Start of EXERCISE DATA
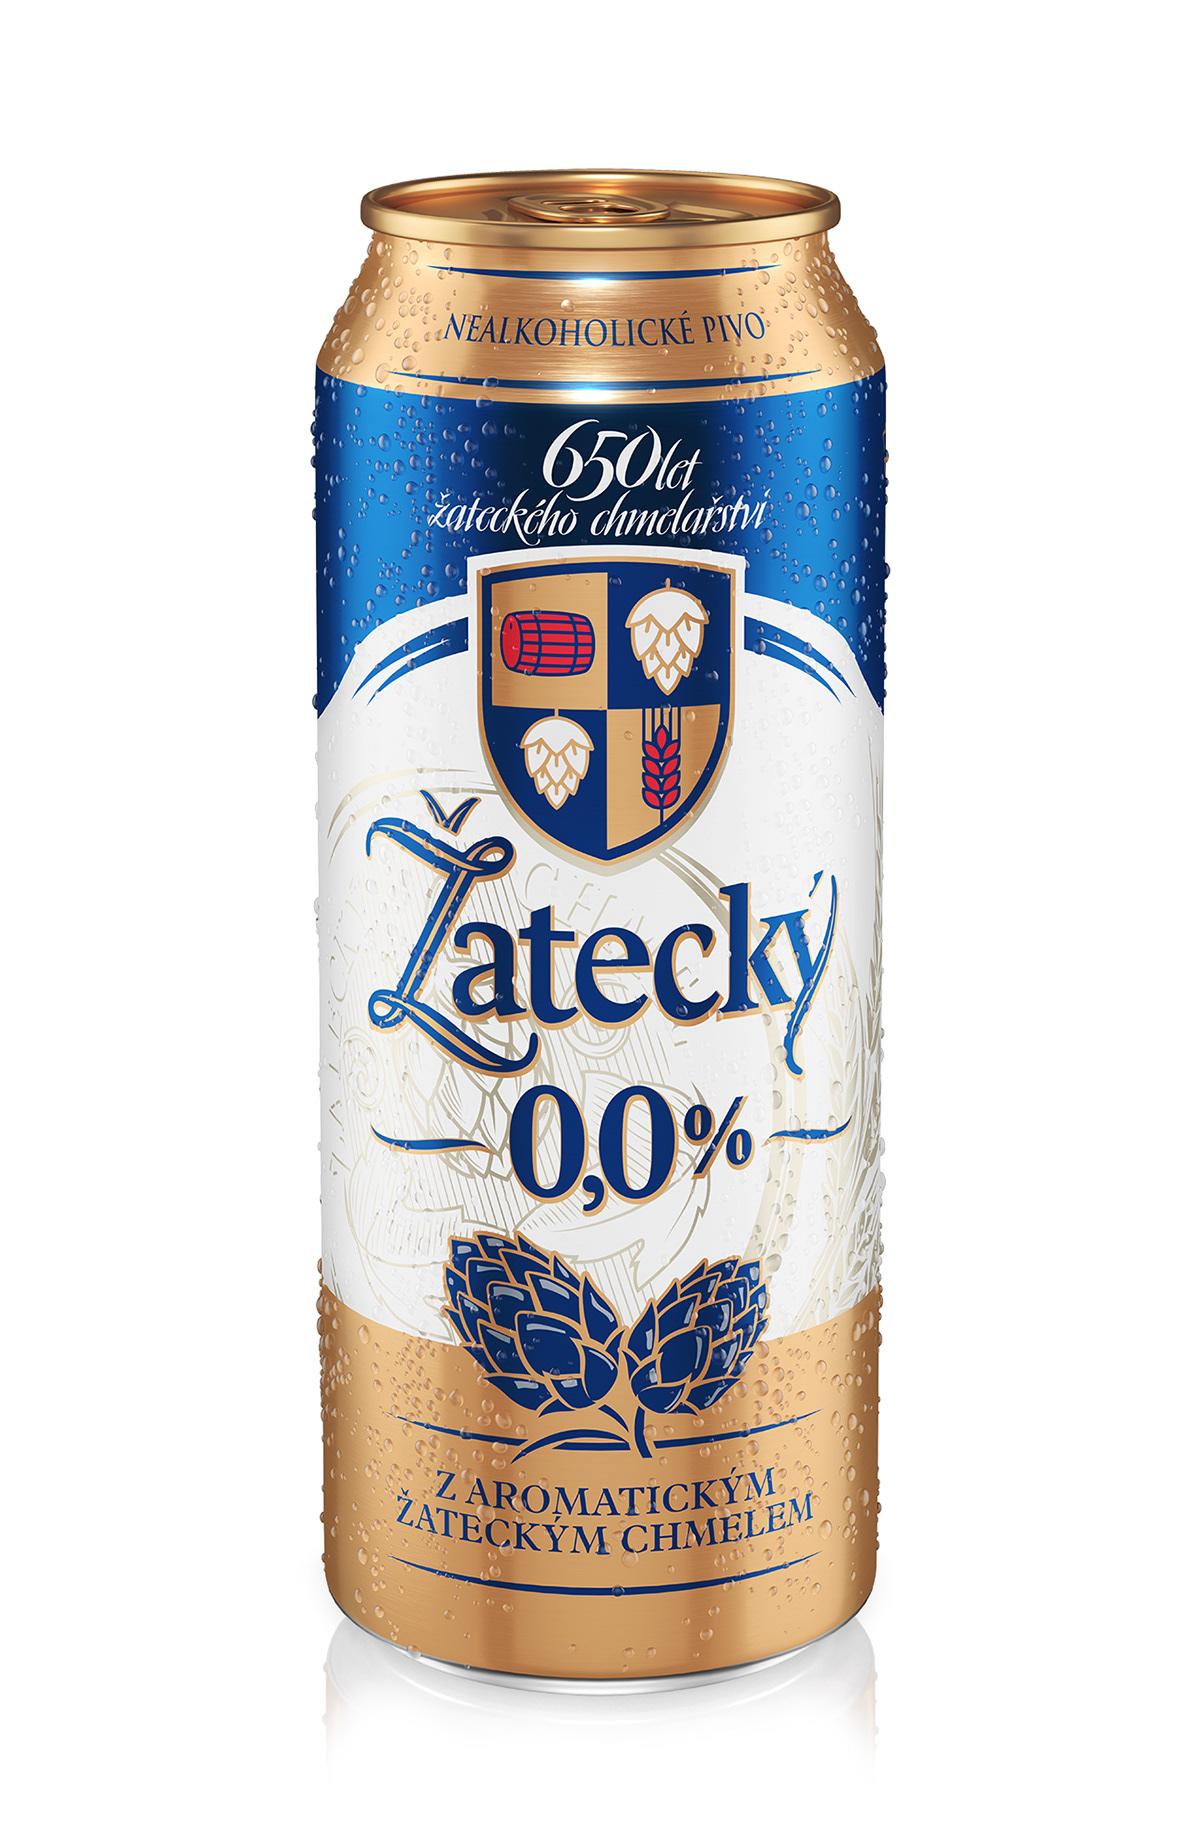 beer Packshot piwo Render Zatecky
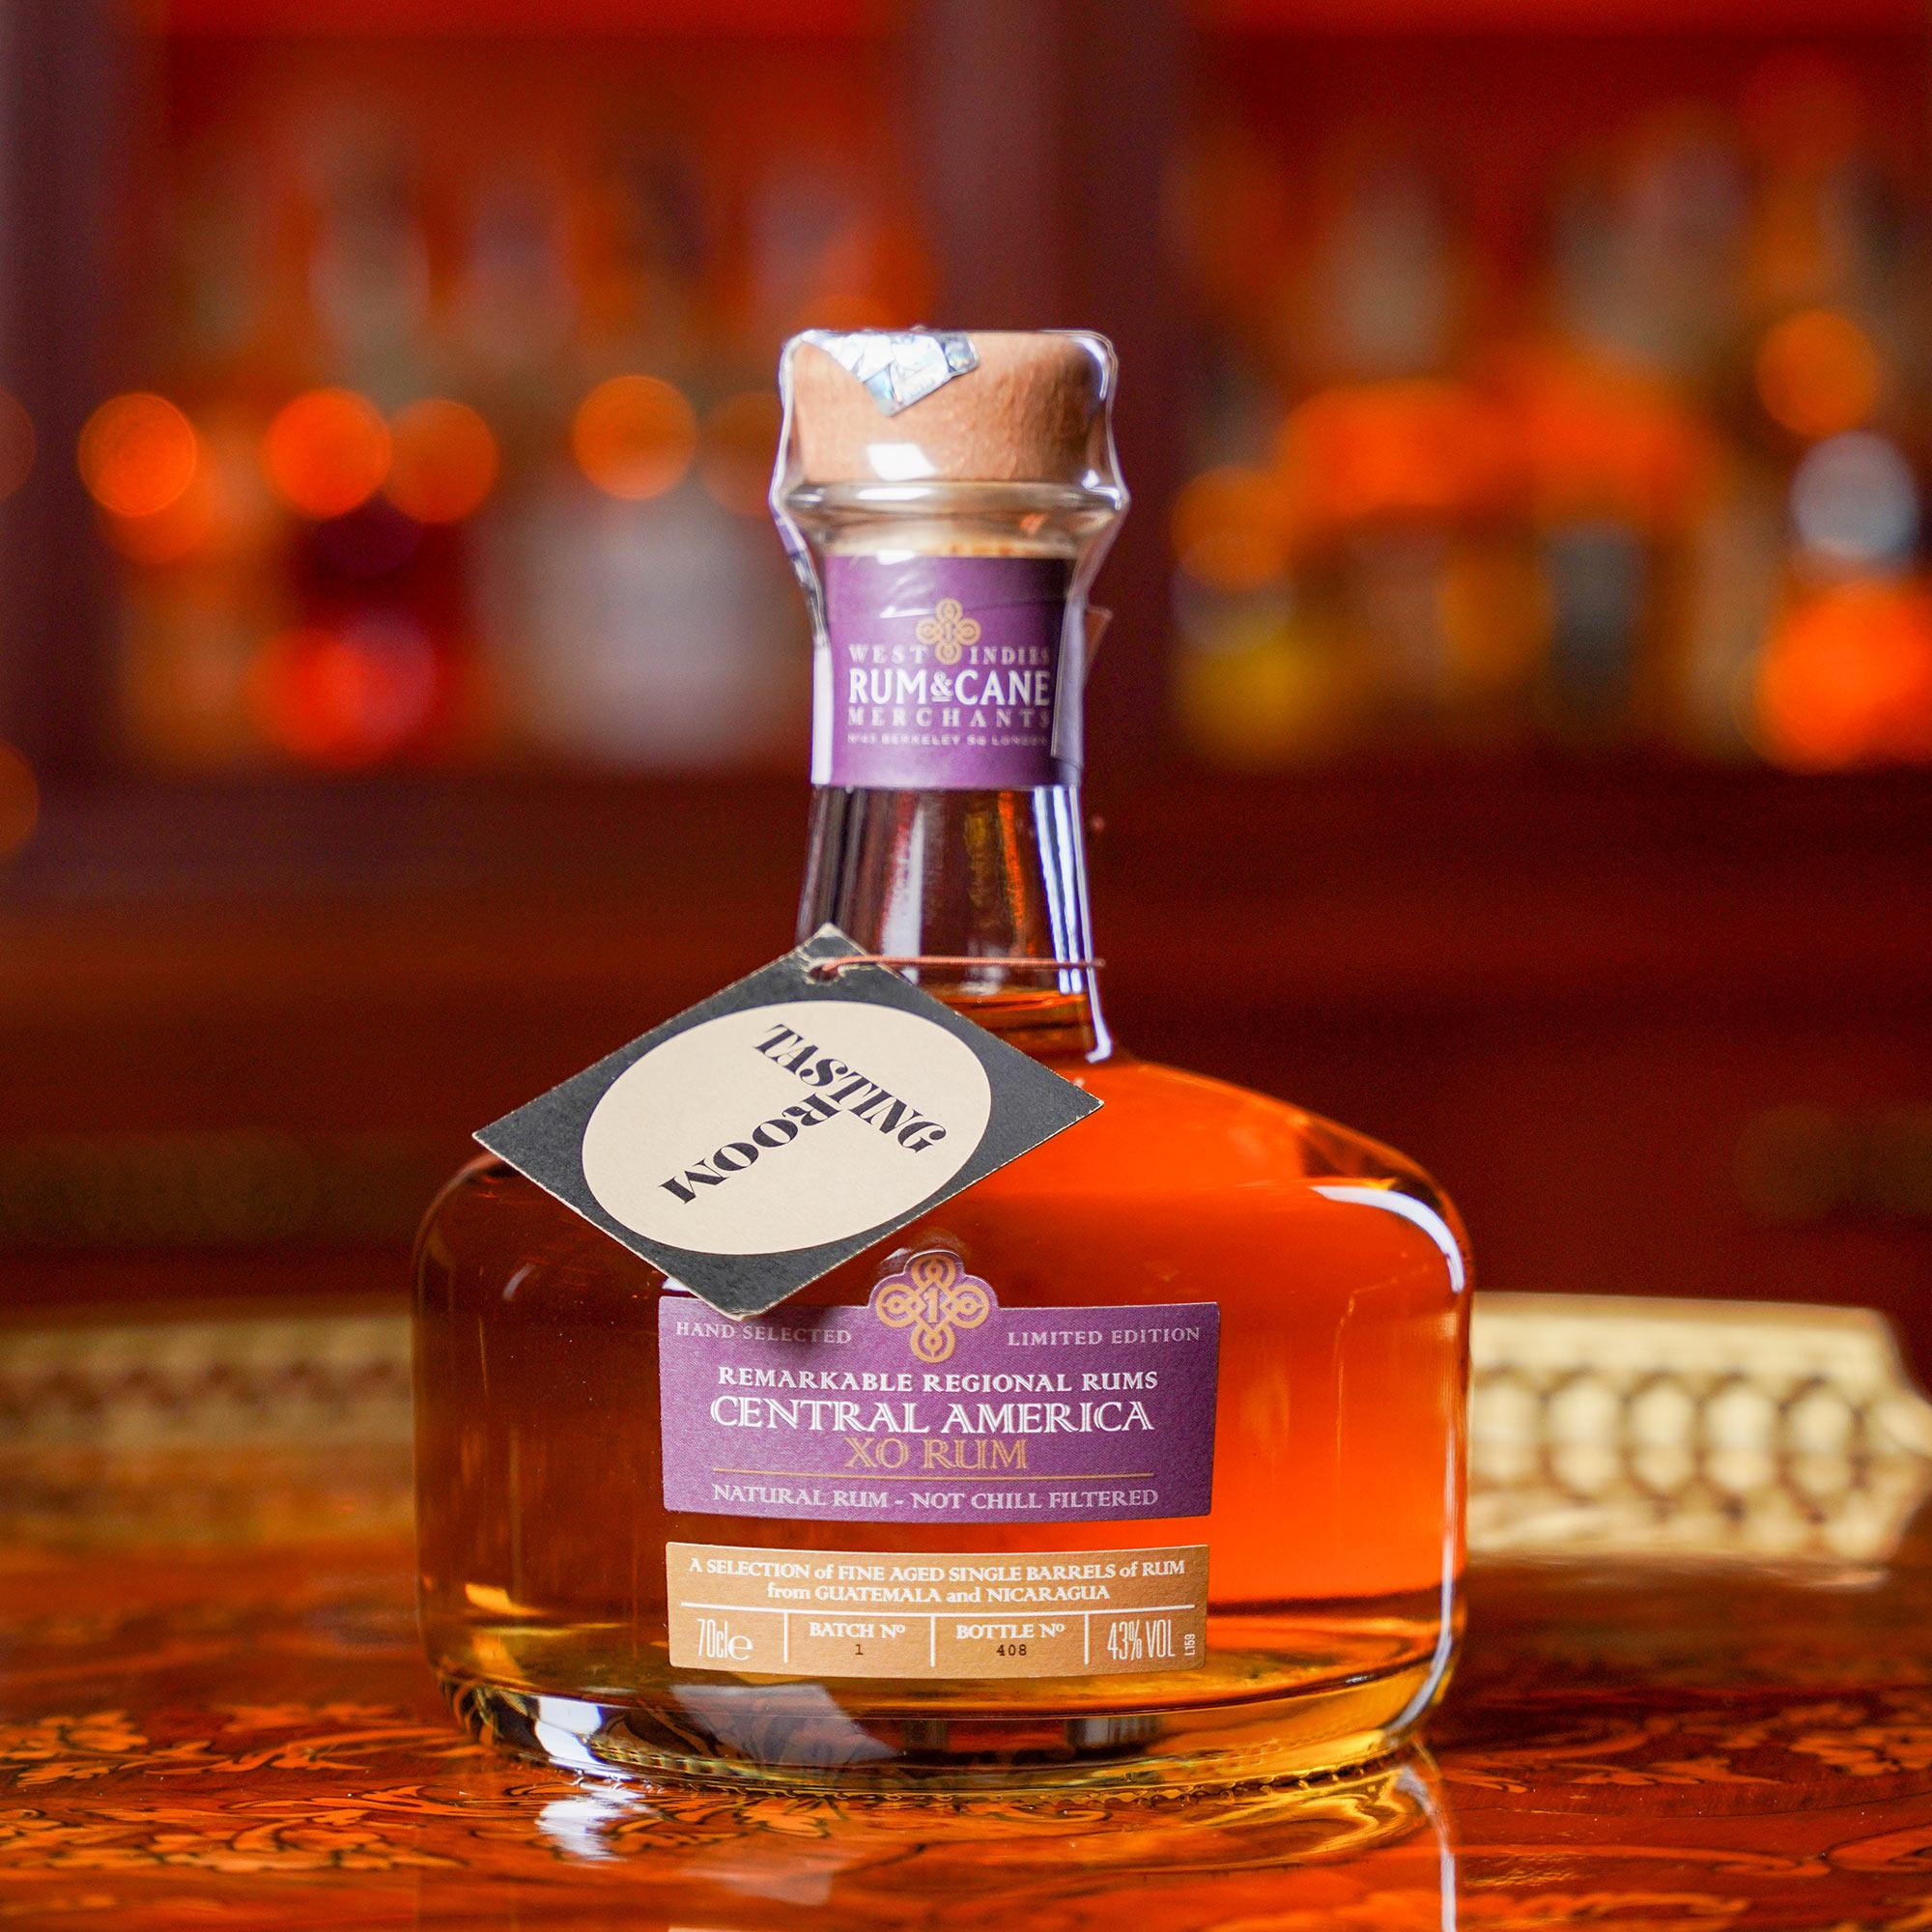 Central America XO Rum /Централ Америка XO Ром
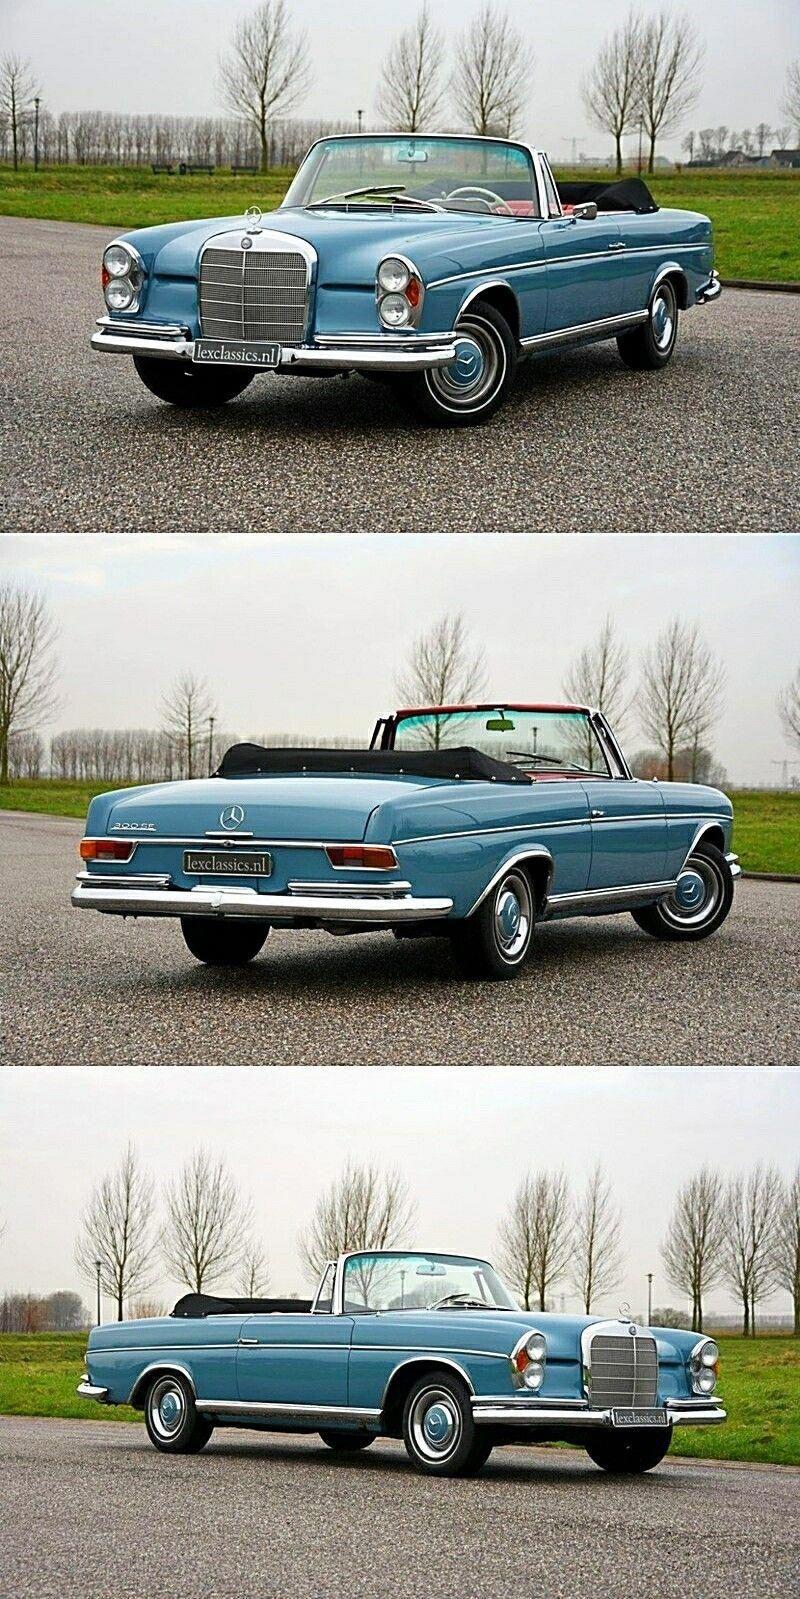 1964 Mercedes Benz 300 SE Cabriolet. - W112 #Mercedesclassiccars #BMWclassiccars
End of EXERCISE DATA
* [WORK TASK]: Nothing but the lines from the one containing "Central America XO" through the end of the listing should be written out, each exactly, and pictures must be left out.

* [RESULT OF THE TASK]:
 Central America XO Rum /Централ Америка XO Ром
 1964 Mercedes Benz 300 SE Cabriolet. - W112 #Mercedesclassiccars #BMWclassiccars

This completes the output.